Write again exactly the lines in the listing below, starting at the line with "Lindsay Mendez accepts" and ending at the line with "An infographic for", both included. Pictures are not copied.

**Dataset excerpts**
____________

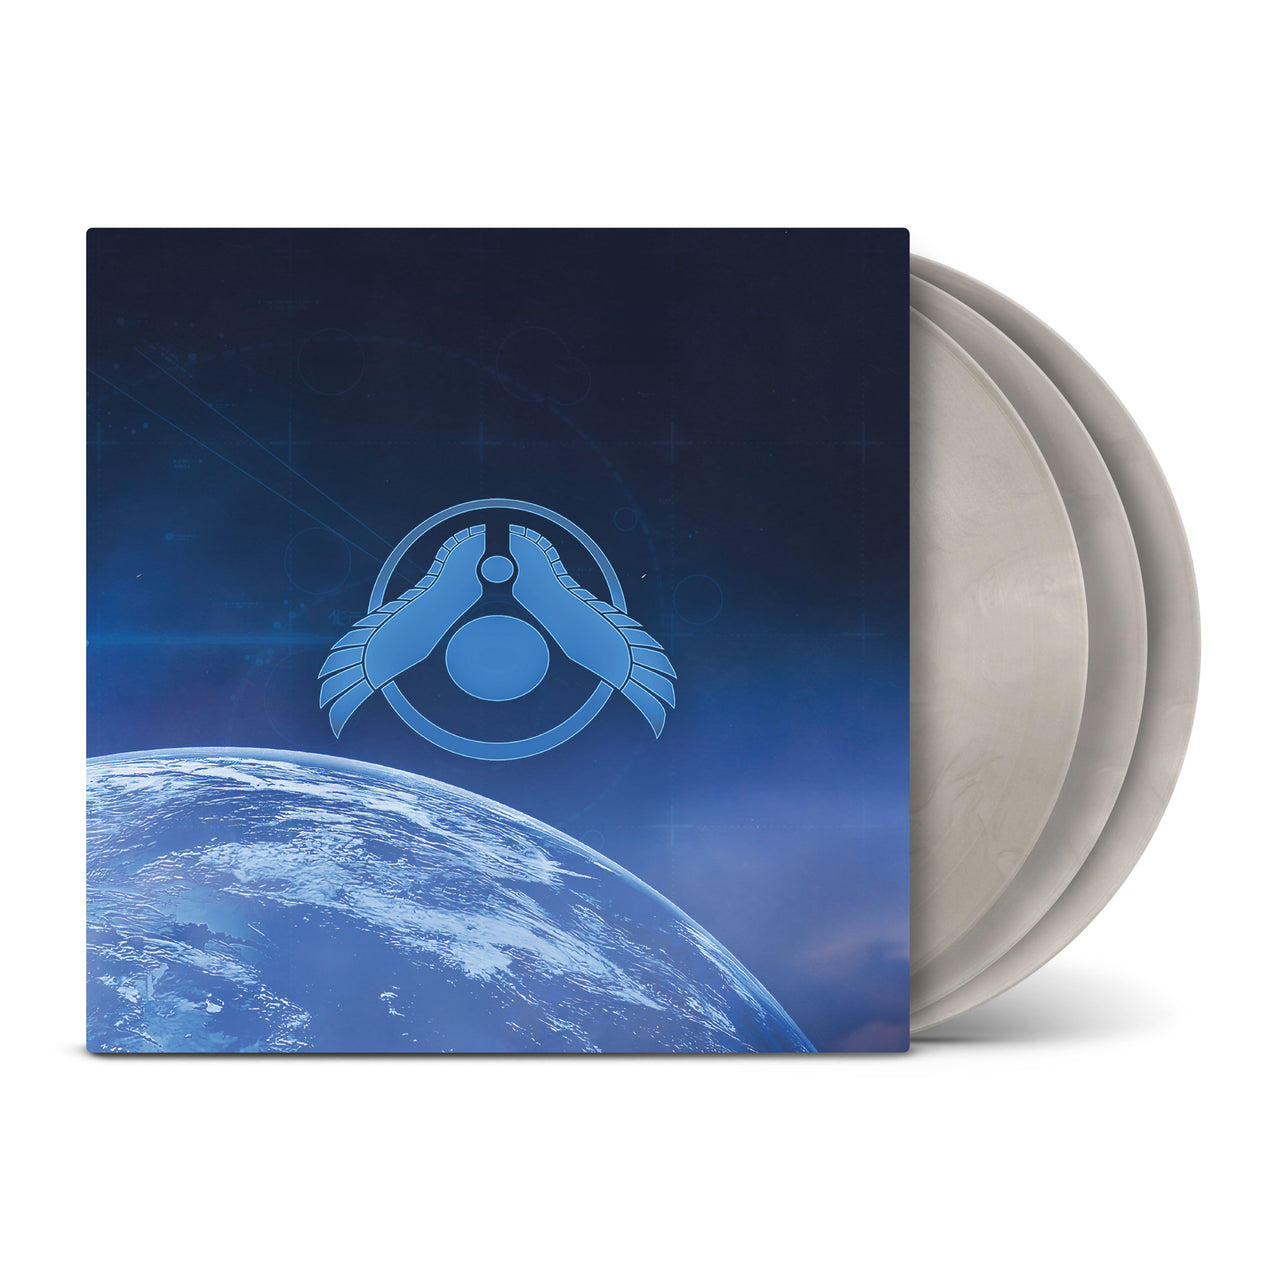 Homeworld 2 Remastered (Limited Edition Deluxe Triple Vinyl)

____________

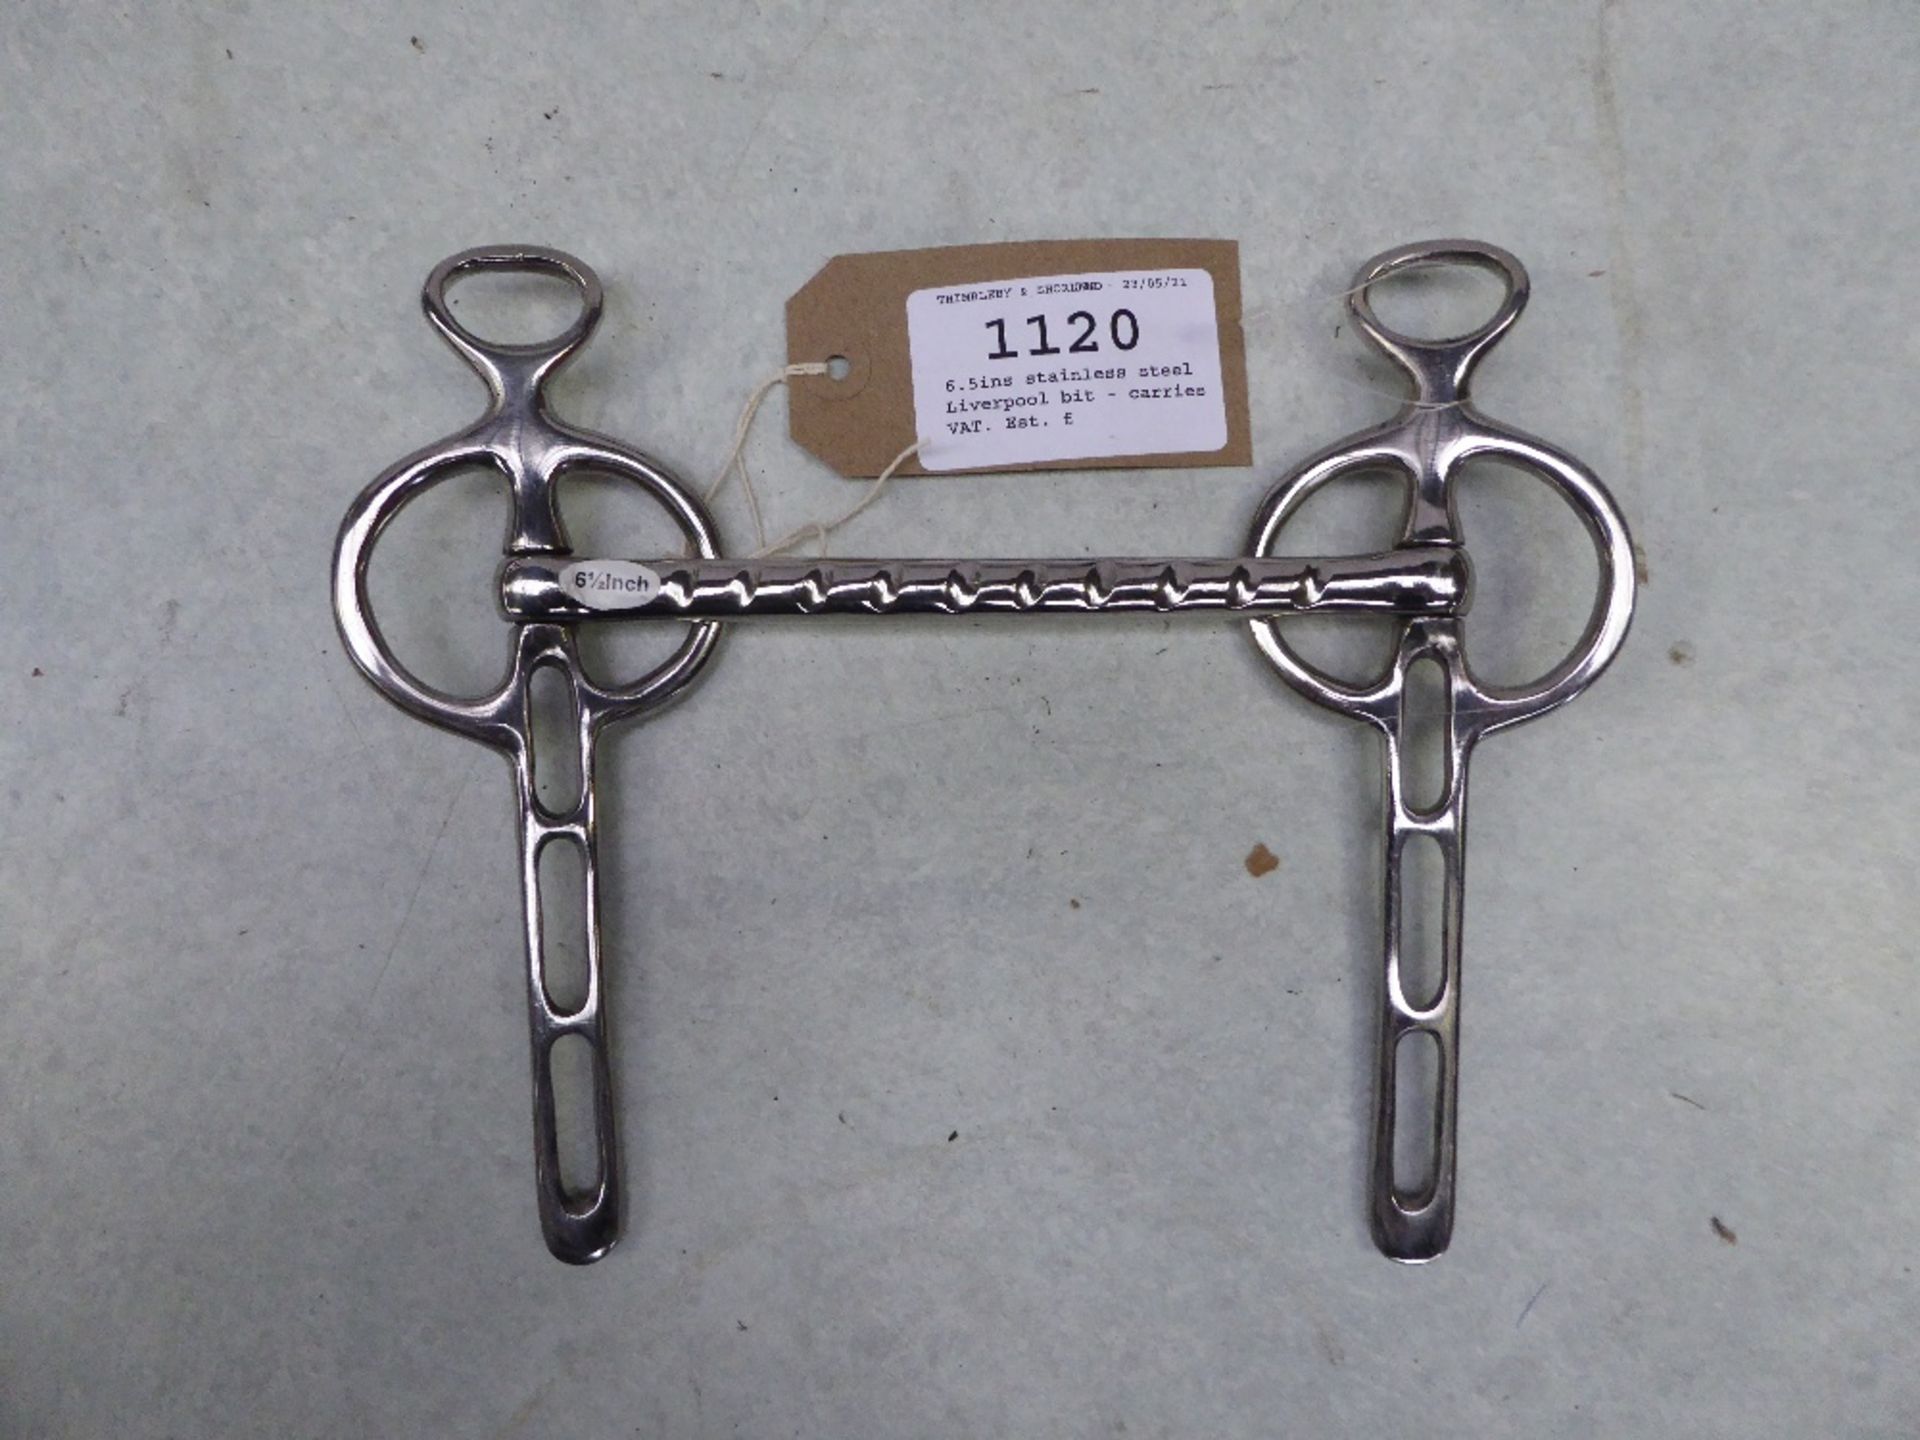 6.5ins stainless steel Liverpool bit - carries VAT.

____________

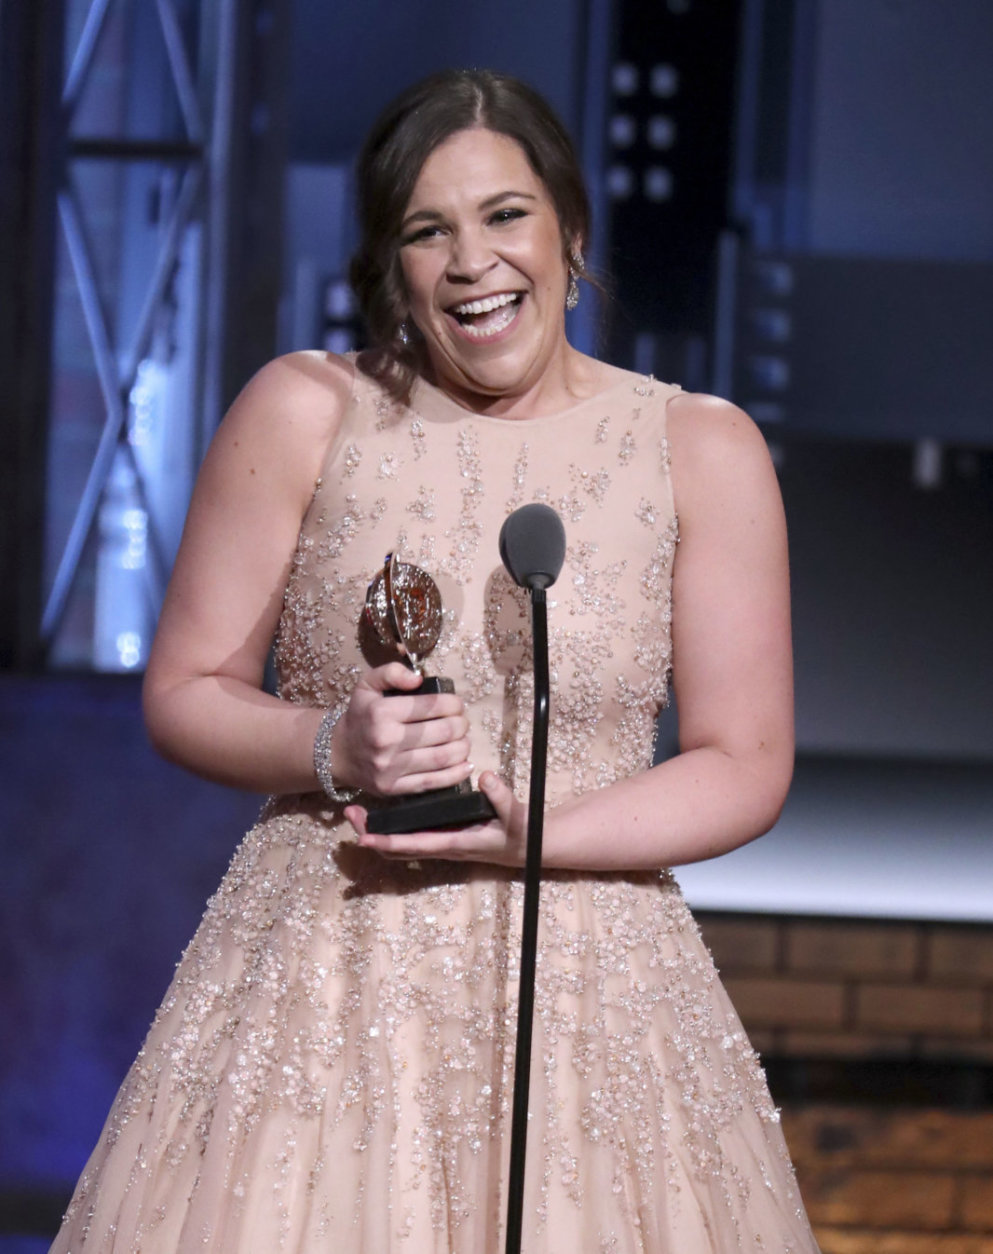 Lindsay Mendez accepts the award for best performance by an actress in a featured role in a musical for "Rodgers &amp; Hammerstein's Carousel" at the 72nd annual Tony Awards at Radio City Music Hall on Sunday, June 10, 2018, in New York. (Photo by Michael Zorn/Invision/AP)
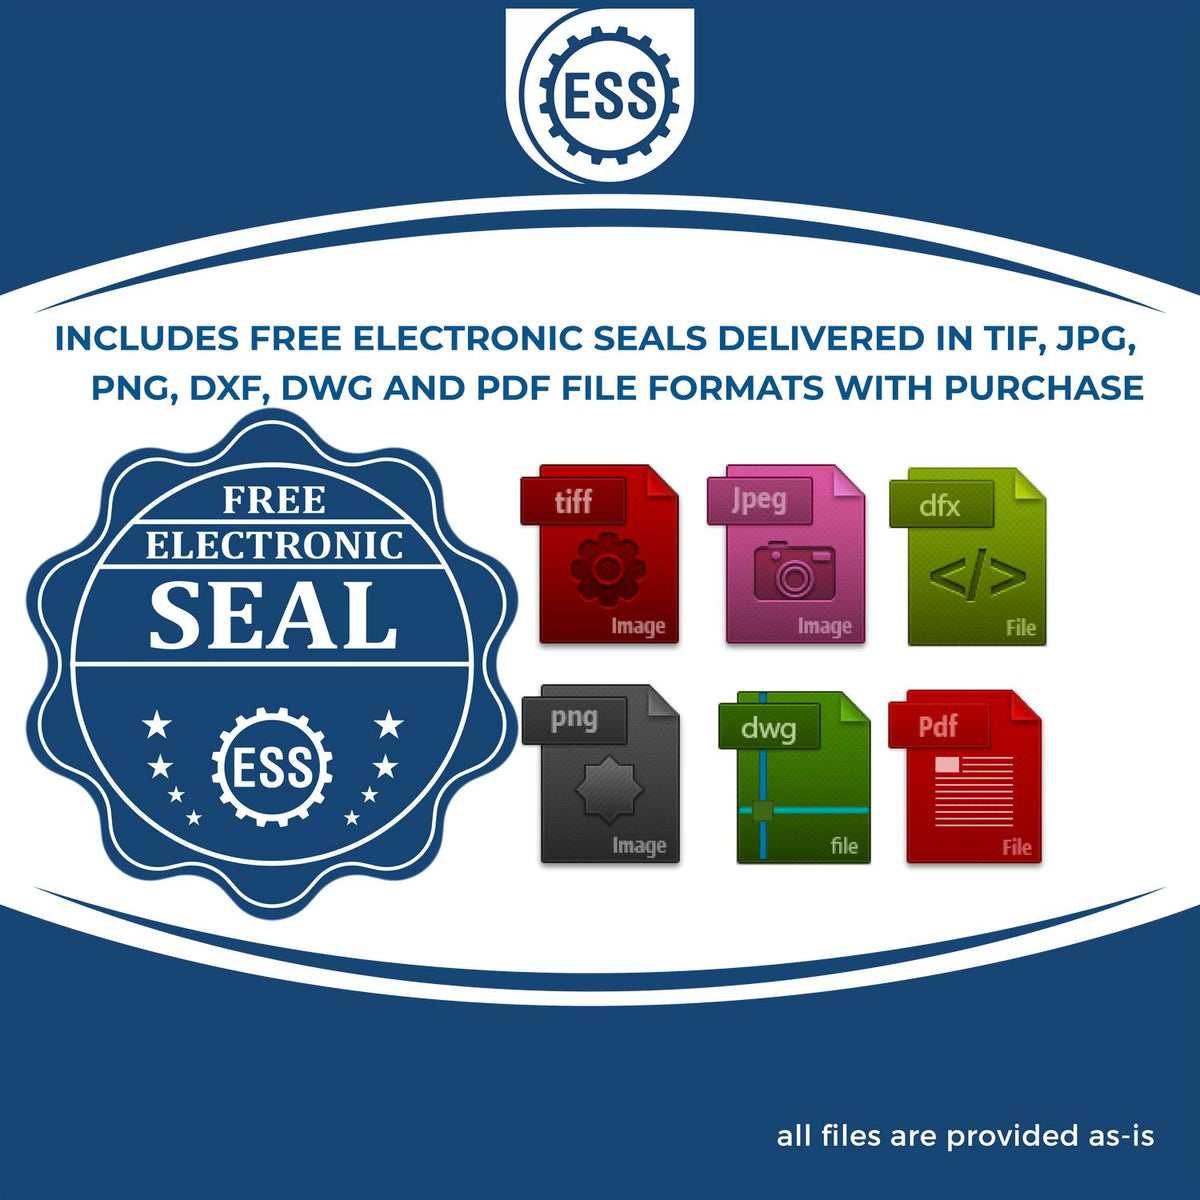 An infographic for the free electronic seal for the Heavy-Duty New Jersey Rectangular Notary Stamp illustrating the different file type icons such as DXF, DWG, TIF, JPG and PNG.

____________

**Task response**
 Lindsay Mendez accepts the award for best performance by an actress in a featured role in a musical for "Rodgers &amp; Hammerstein's Carousel" at the 72nd annual Tony Awards at Radio City Music Hall on Sunday, June 10, 2018, in New York. (Photo by Michael Zorn/Invision/AP)
 An infographic for the free electronic seal for the Heavy-Duty New Jersey Rectangular Notary Stamp illustrating the different file type icons such as DXF, DWG, TIF, JPG and PNG.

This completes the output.